Note that usually functions execute with the permissions of the invoker, but you can create “setuid” functions that execute with the permissions of the definer. These can be very useful, but they have similar dangers to Unix setuid programs, so you have to be careful with them.

Schema Permissions

Schemas have just CREATE and USAGE permissions. CREATE lets you add more stuff to the schema (tables, functions, sequences, etc.). USAGE is a prerequisite to using objects within the schema. For instance to SELECT from a table, you must first have USAGE permission on its schema. (You must also have SELECT permission on the table.) Note that even without USAGE, you can still list the schema contents, and even query for its tables’ definitions etc.

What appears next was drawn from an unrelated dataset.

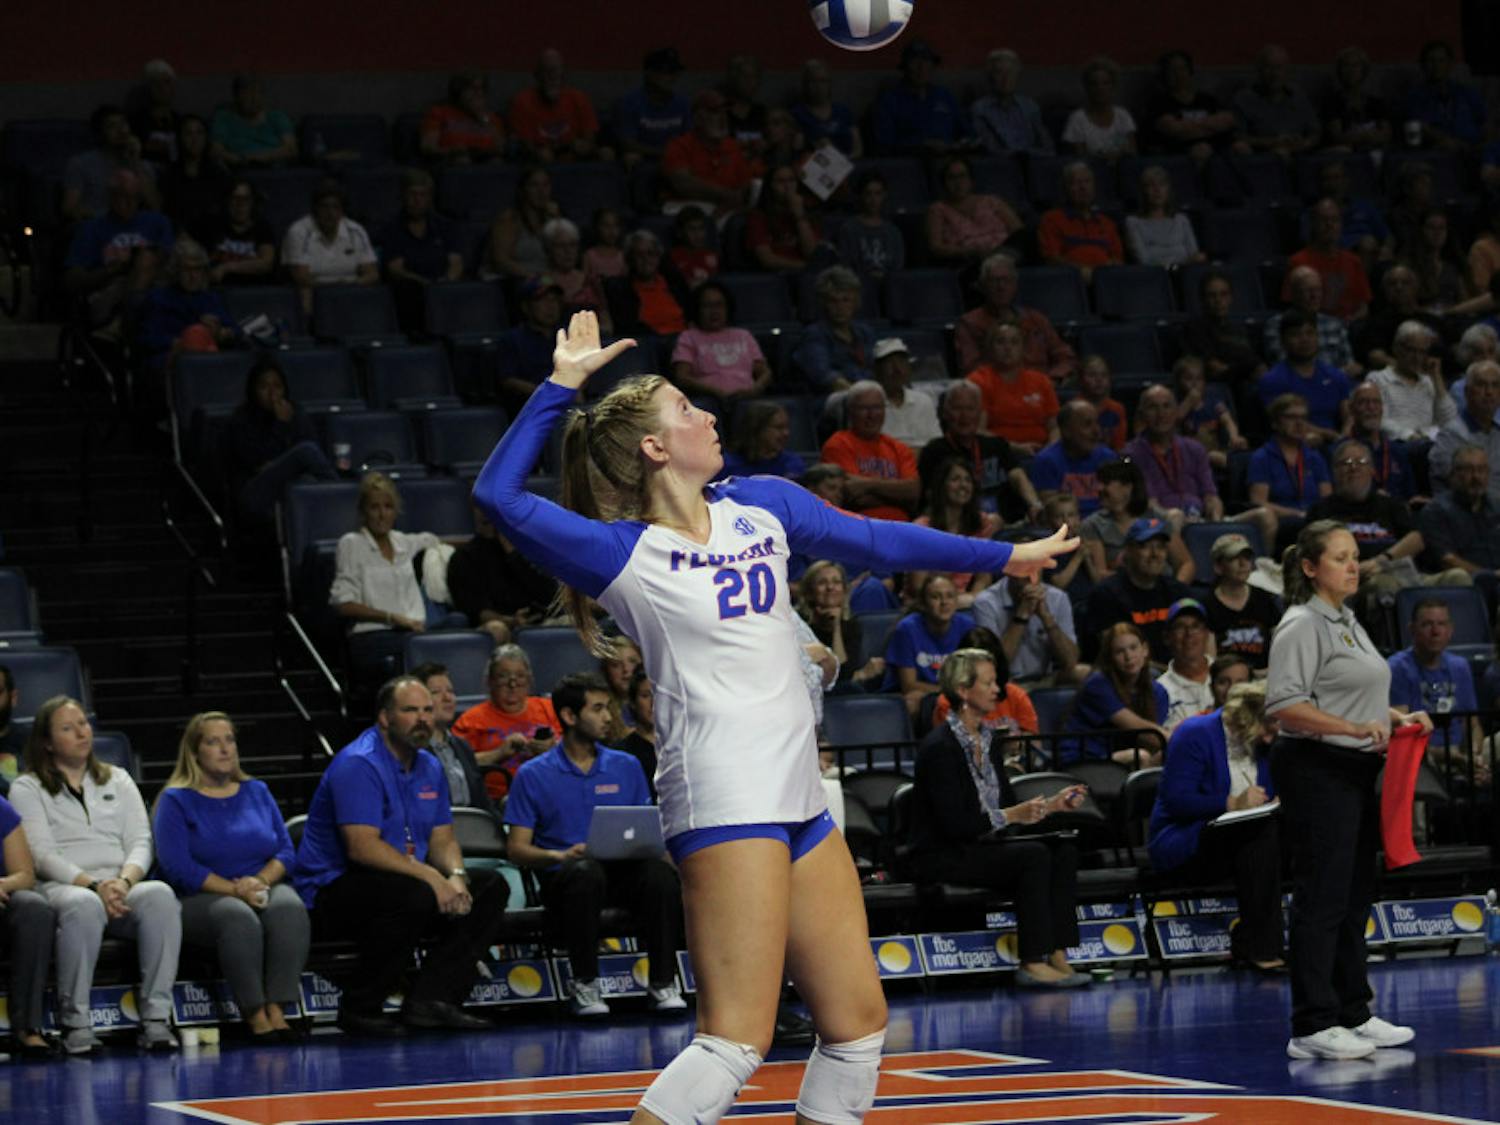 Freshman Thayer Hall ended the win over Georgia with 11 kills and hit a shade under .180 for the match.
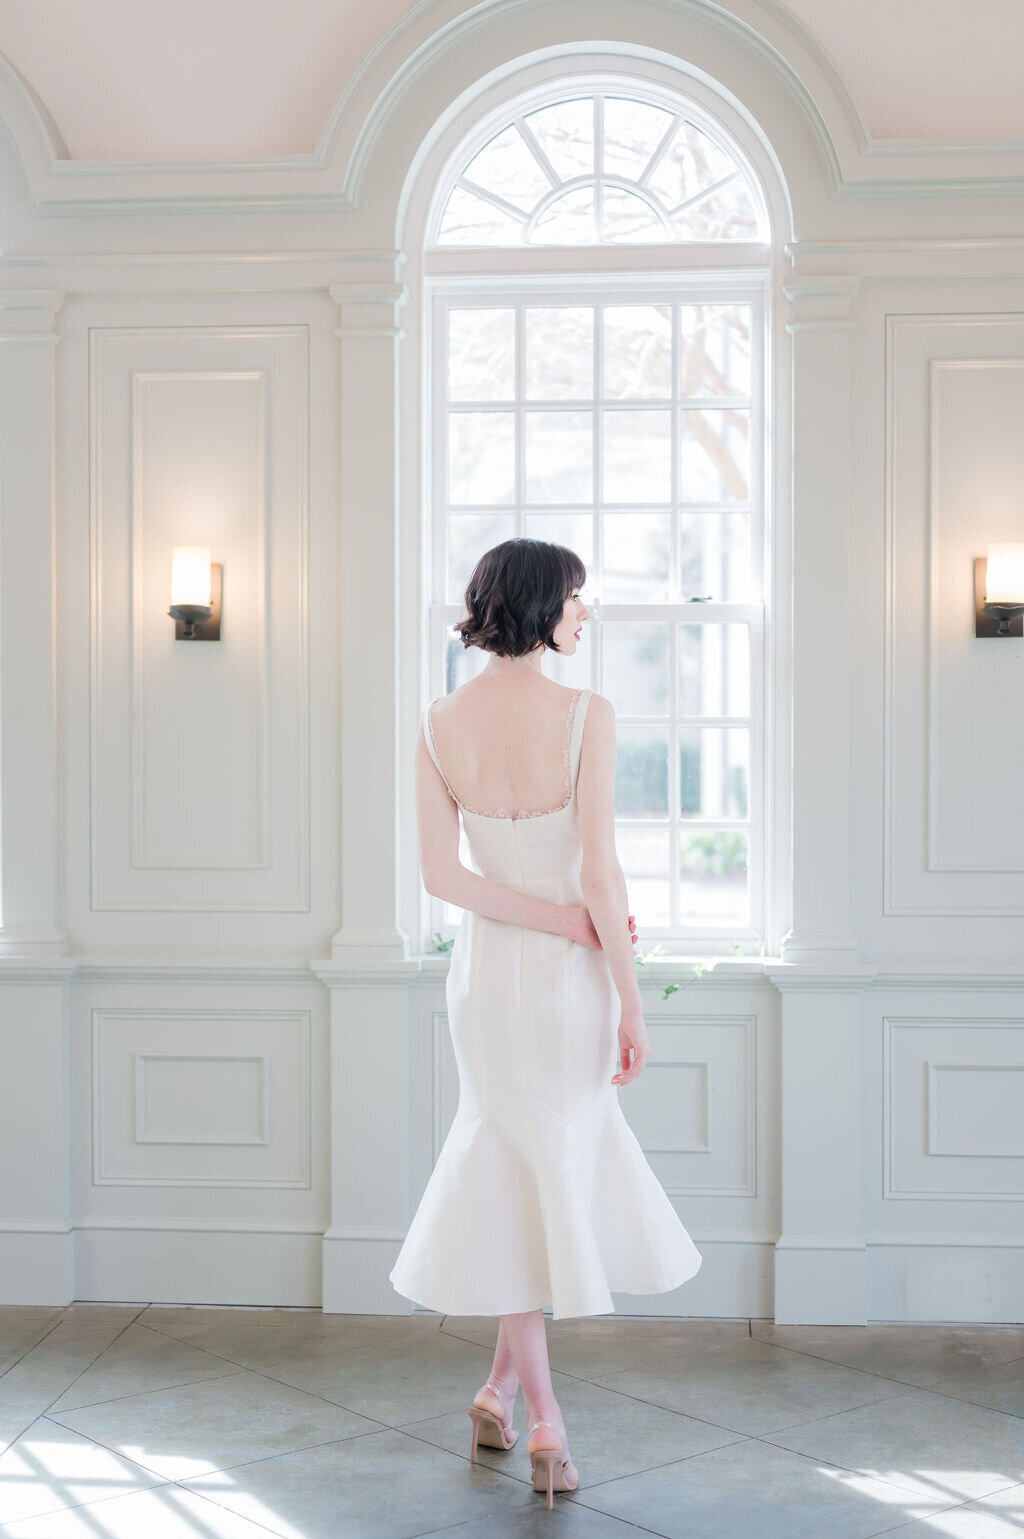 The midi-length fit-and-flare silhouette of the Lana style is a sassy yet sophisticated vibe for a little white wedding dress.

To be honest I find the schema USAGE permission kind of confusing and superfluous, and I don’t think I’m the only one. I can’t think of any security system you can build with this permission you can’t build with permissions on individual tables, functions, etc., and because you can say GRANT ... ON ALL whatevers IN SCHEMA foo, it is not even necessary as an abbreviation. I guess if you really want to lock people out, you might as well use it as an extra layer though.

Conclusion

There are permissions for more specialized database objects too, like types and foreign data wrappers. But if you have made it this far, you should have no problem understanding the documentation for those. You might also want to read about RLS to get really fine-grained access control. Here I’ve only tried to cover the basics, and give you an accurate mental model of how Postgres decides who can do what. If you have any questions, comments, or corrections, I’m happy to listen!